Woodland ViewA new review of Lyme disease research assesses the potential reasons for the continued lack of success in prevention and control of Lyme disease and points to key areas where public policy could make all the difference.

Lyme disease is an infectious disease caused by a spirochete (spiral shaped bacterium) known as Borrelia burgdorferi and most commonly spread by ticks. Despite the infectious agent and mode of ptransmission being known for over three decades the cases of Lyme disease are continuing to climb. The highest rates are seen in the Northeastern United States but many people from different regions and countries also suffer from the disease.

The most obvious sign of initial Lyme disease infection is a chracteristic rash around a tick bite known as Erythema migrans, or a "bullseye" rash, so named because it is circular and red around the outside with a pale centre. Symptoms of the disease are multiple, ranging from fatigue, weakness and headache, to cognitive, mood, and neurological disorders. The large number and systemic nature of symptoms has contributed to controversy. Some experts say Lyme disease is acute and easily treated with a relatively short course of antibiotics, while others suggest a chronic form may develop. Certainly there are no shortage of individuals who suffer chronic symptoms following Lyme infection - which makes this latest study of prevention all the more important.
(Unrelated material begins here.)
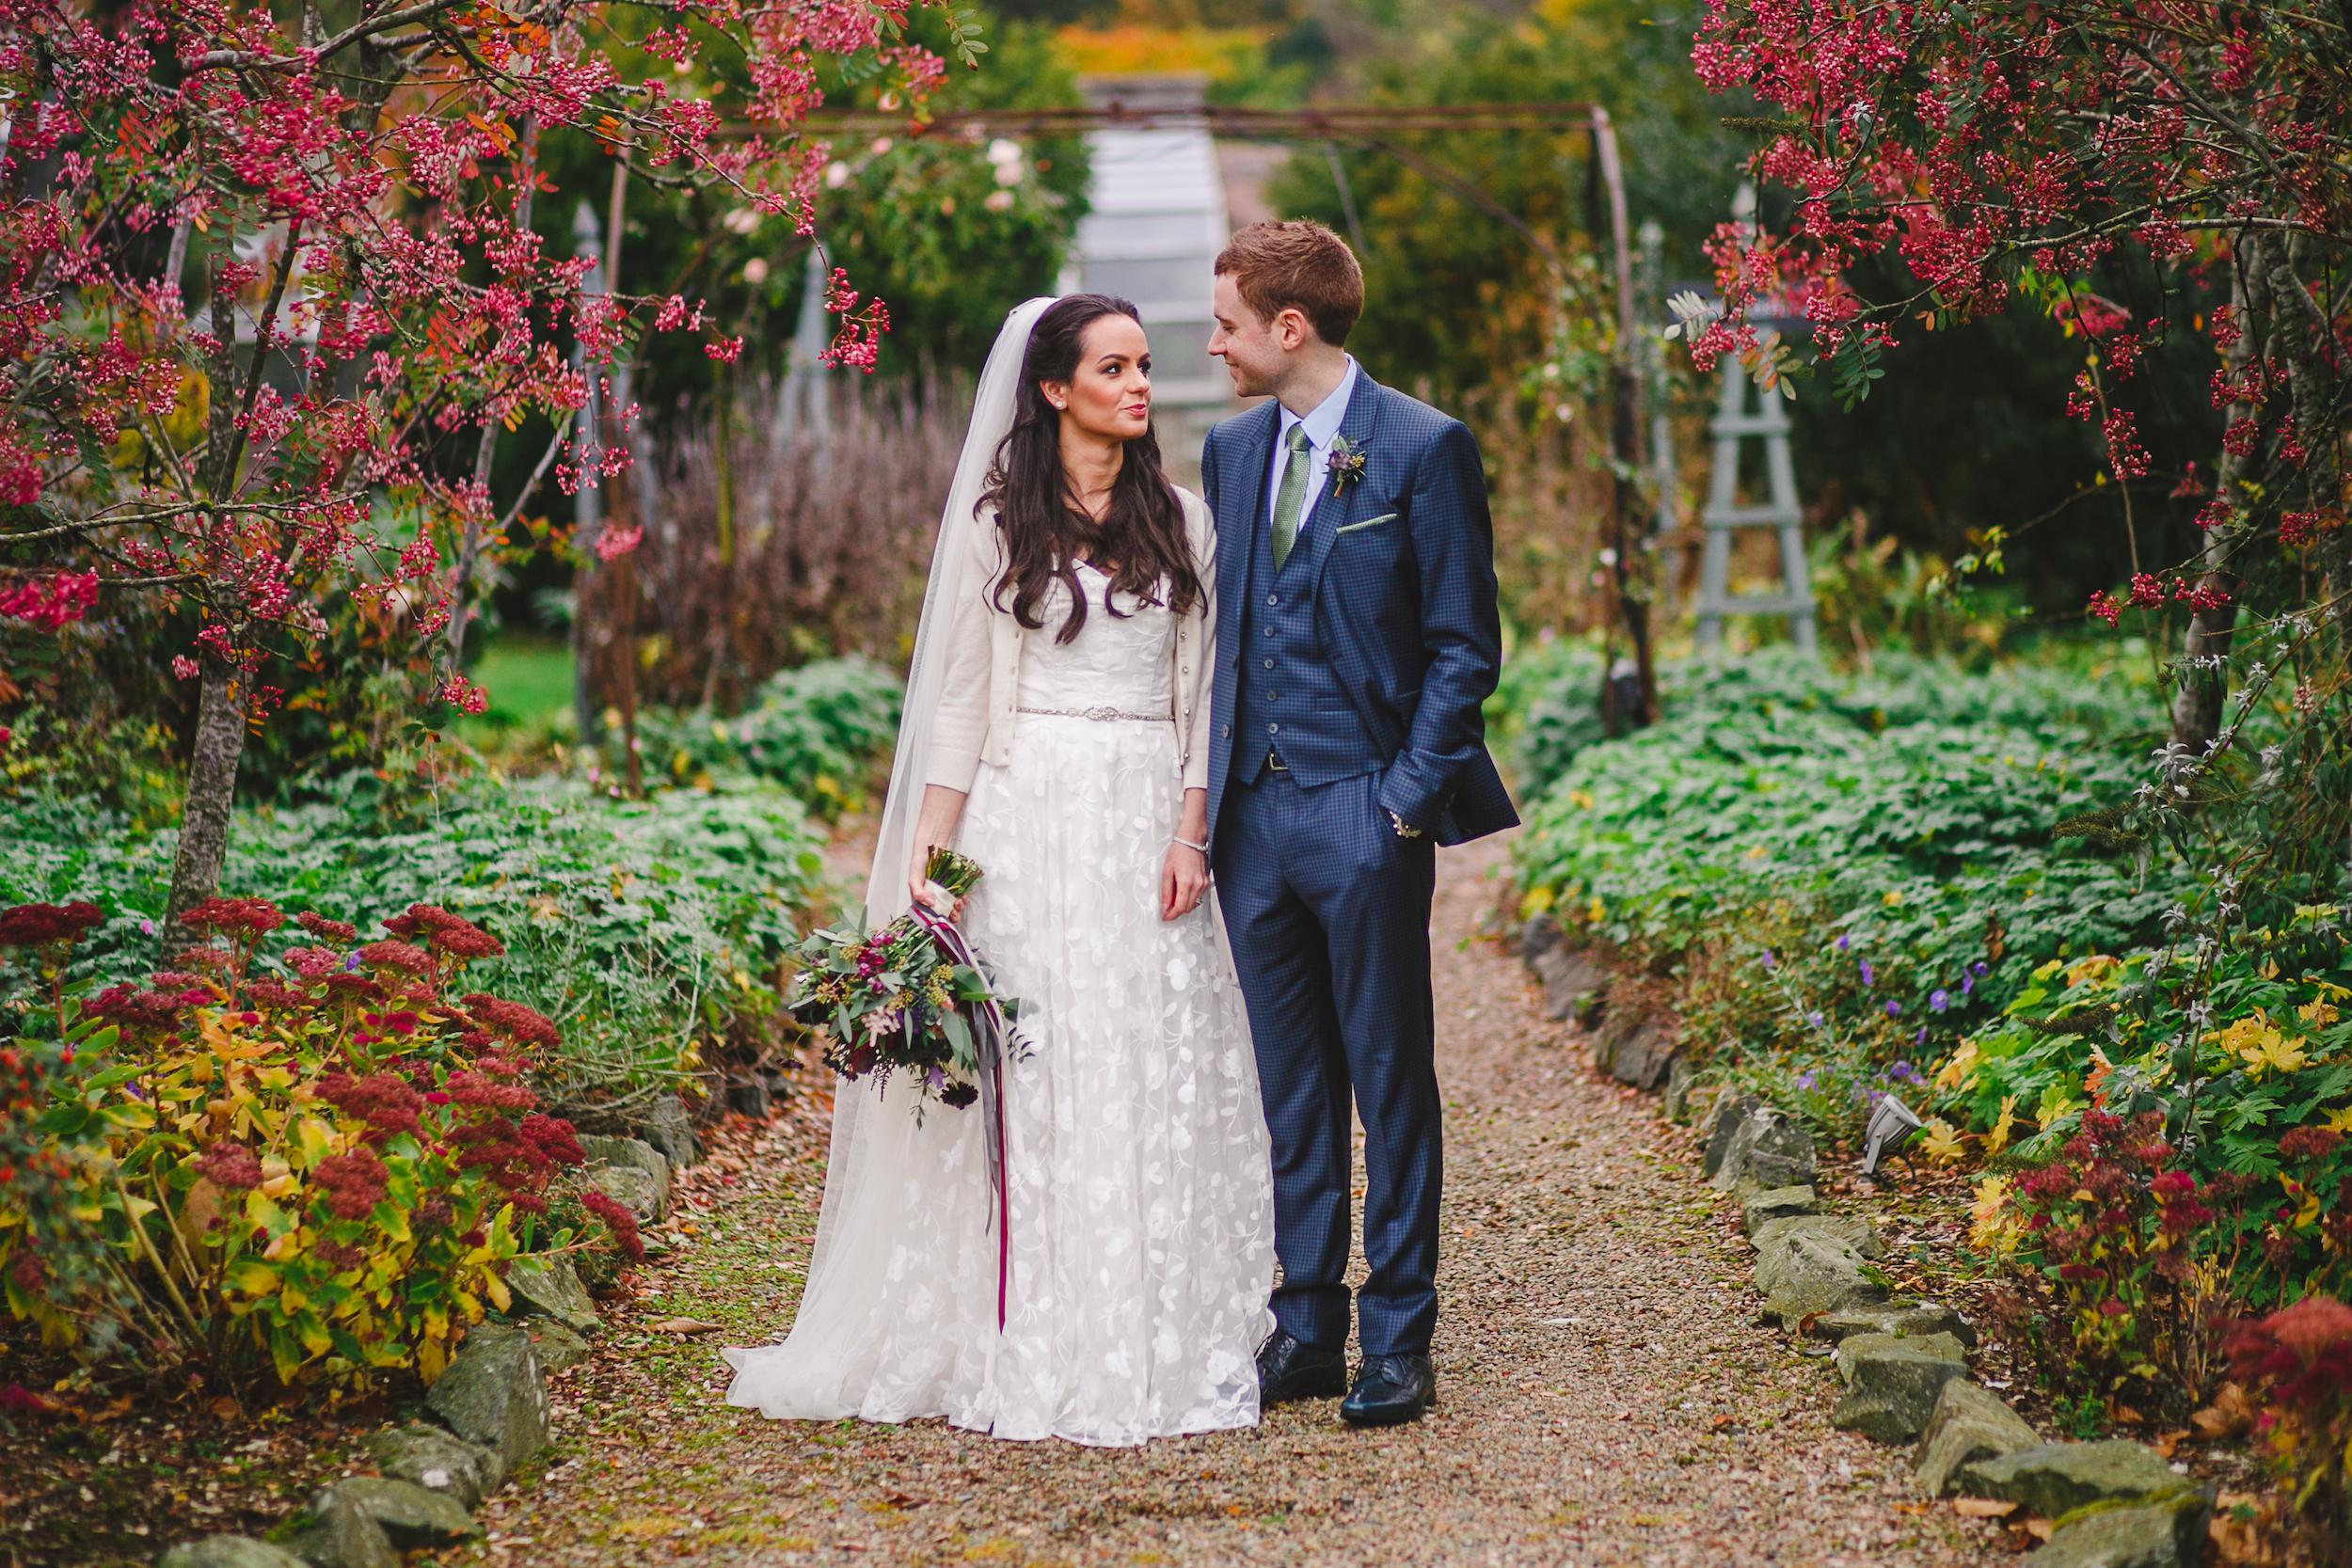 gather_and_tides_wedding_photographer_larchfield_autumn_northern_ireland_Wedding_inspire_Weddings_8.jpg

In the article appearing in the January issue of the Journal of Medical Entomology titled "What Do We Need to Know About Disease Ecology to Prevent Lyme Disease in the Northeastern United States?" authors from Colorado State University and the Centers for Disease Control and Prevention (CDC) assess the potential reasons for the continued lack of success in prevention and control of Lyme disease in the northeastern United States, and they identify conceptual areas where additional knowledge could be used to improve Lyme disease prevention and control strategies.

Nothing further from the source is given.